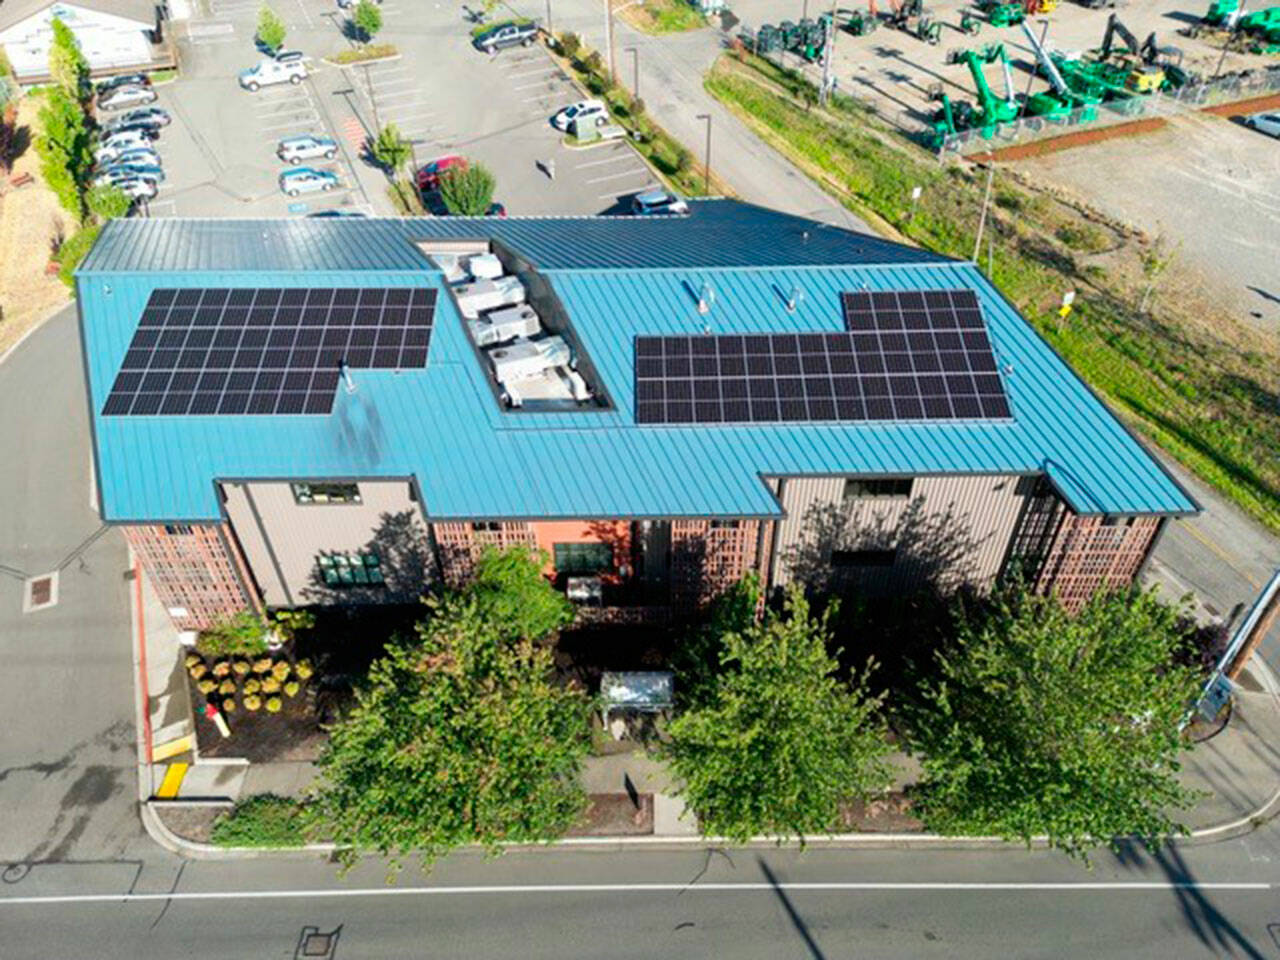 PSE courtesy photo
The solar array on the roof of Fishline Food Bank & Comprehensive Services in Poulsbo.
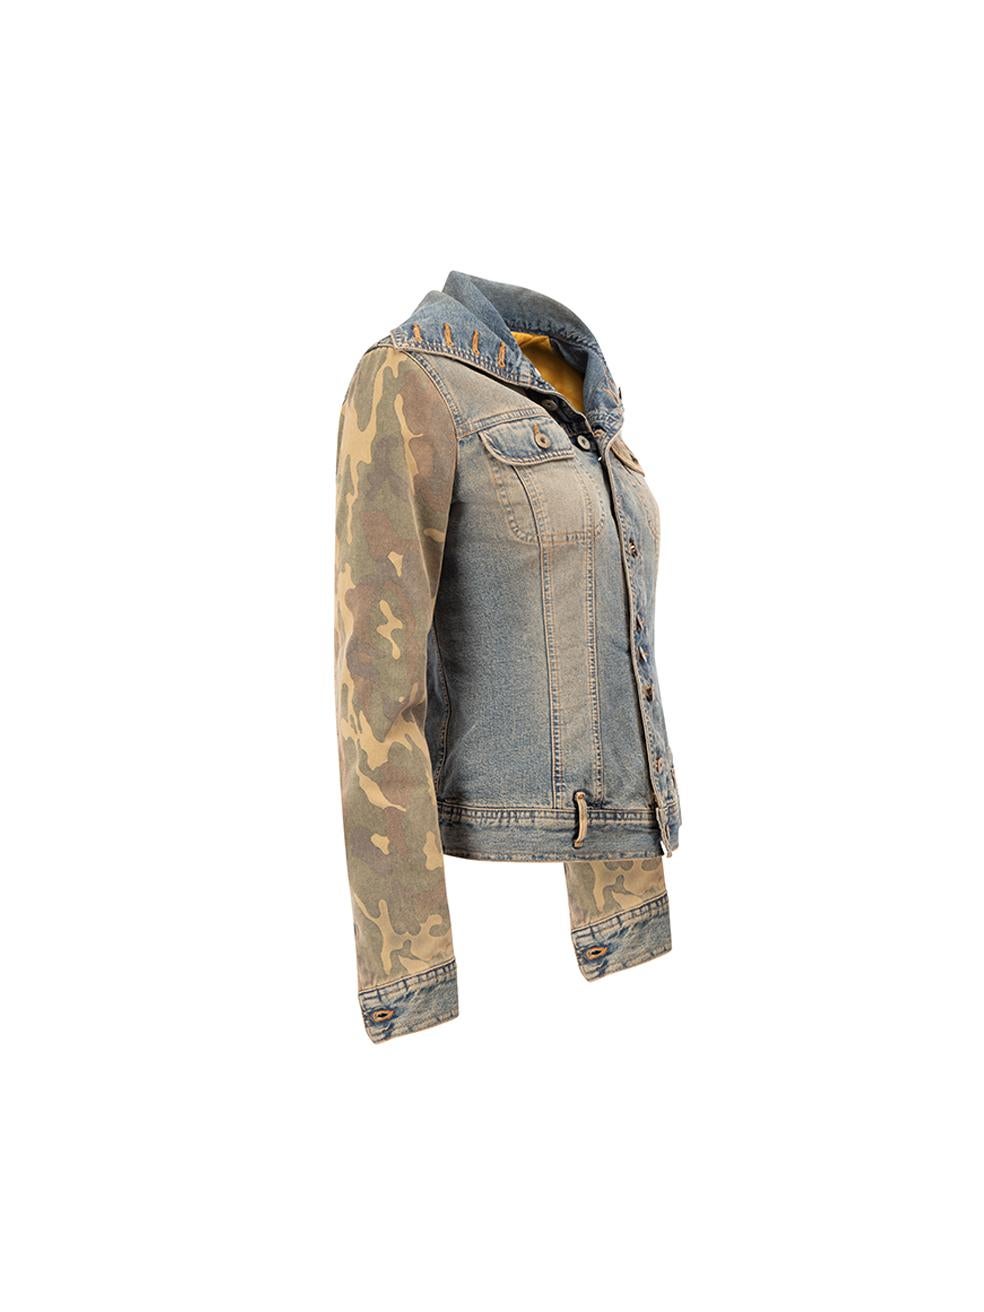 CONDITION is Very good. Minimal wear to jacket is evident. Minimal wear to overall exterior with light fading on this used D&G designer resale item. 



Details


Blue

Denim

Jacket

Contrast camouflage printed sleeves

Front button up
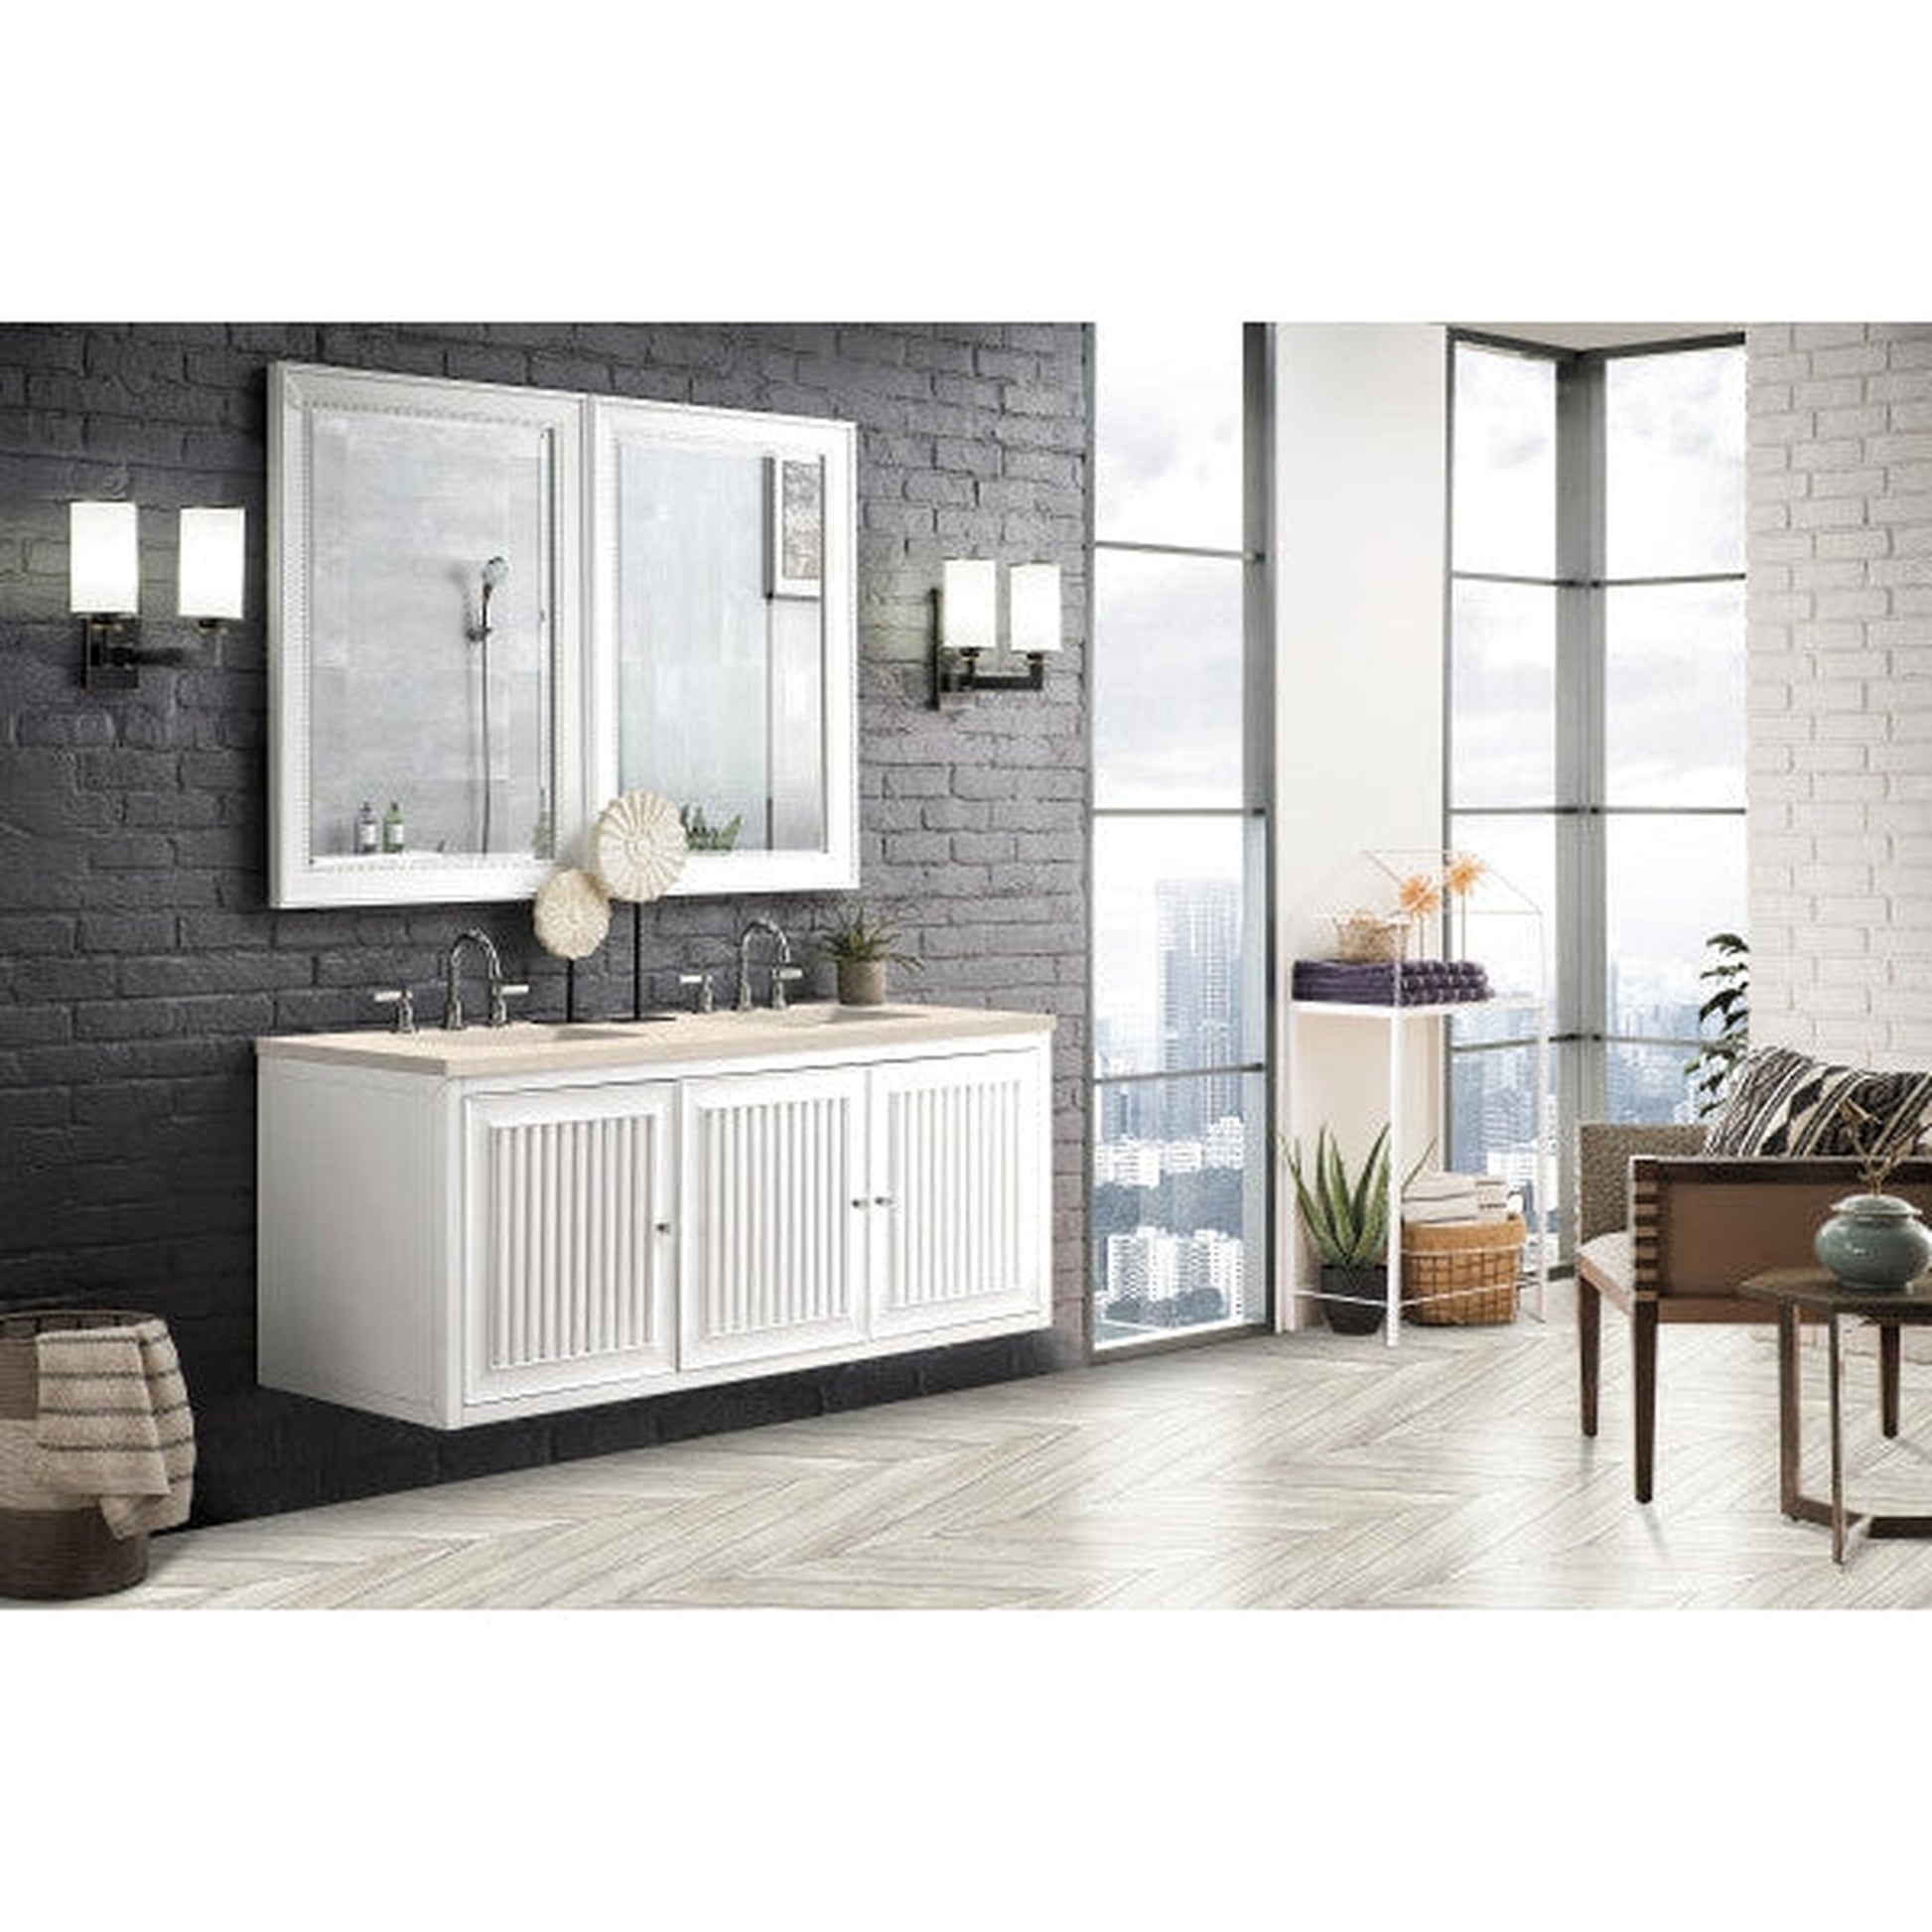 James Martin Athens 60" Double Glossy White Bathroom Vanity With 1" Eternal Marfil Quartz Top and Rectangular Ceramic Sink

WORK ITEM:
The response must consist of the entries above exactly as they stand, minus any pictures.

SOLUTION TO THE PROBLEM:
 PSE courtesy photo
The solar array on the roof of Fishline Food Bank & Comprehensive Services in Poulsbo.
 CONDITION is Very good. Minimal wear to jacket is evident. Minimal wear to overall exterior with light fading on this used D&G designer resale item. 



Details


Blue

Denim

Jacket

Contrast camouflage printed sleeves

Front button up
 James Martin Athens 60" Double Glossy White Bathroom Vanity With 1" Eternal Marfil Quartz Top and Rectangular Ceramic Sink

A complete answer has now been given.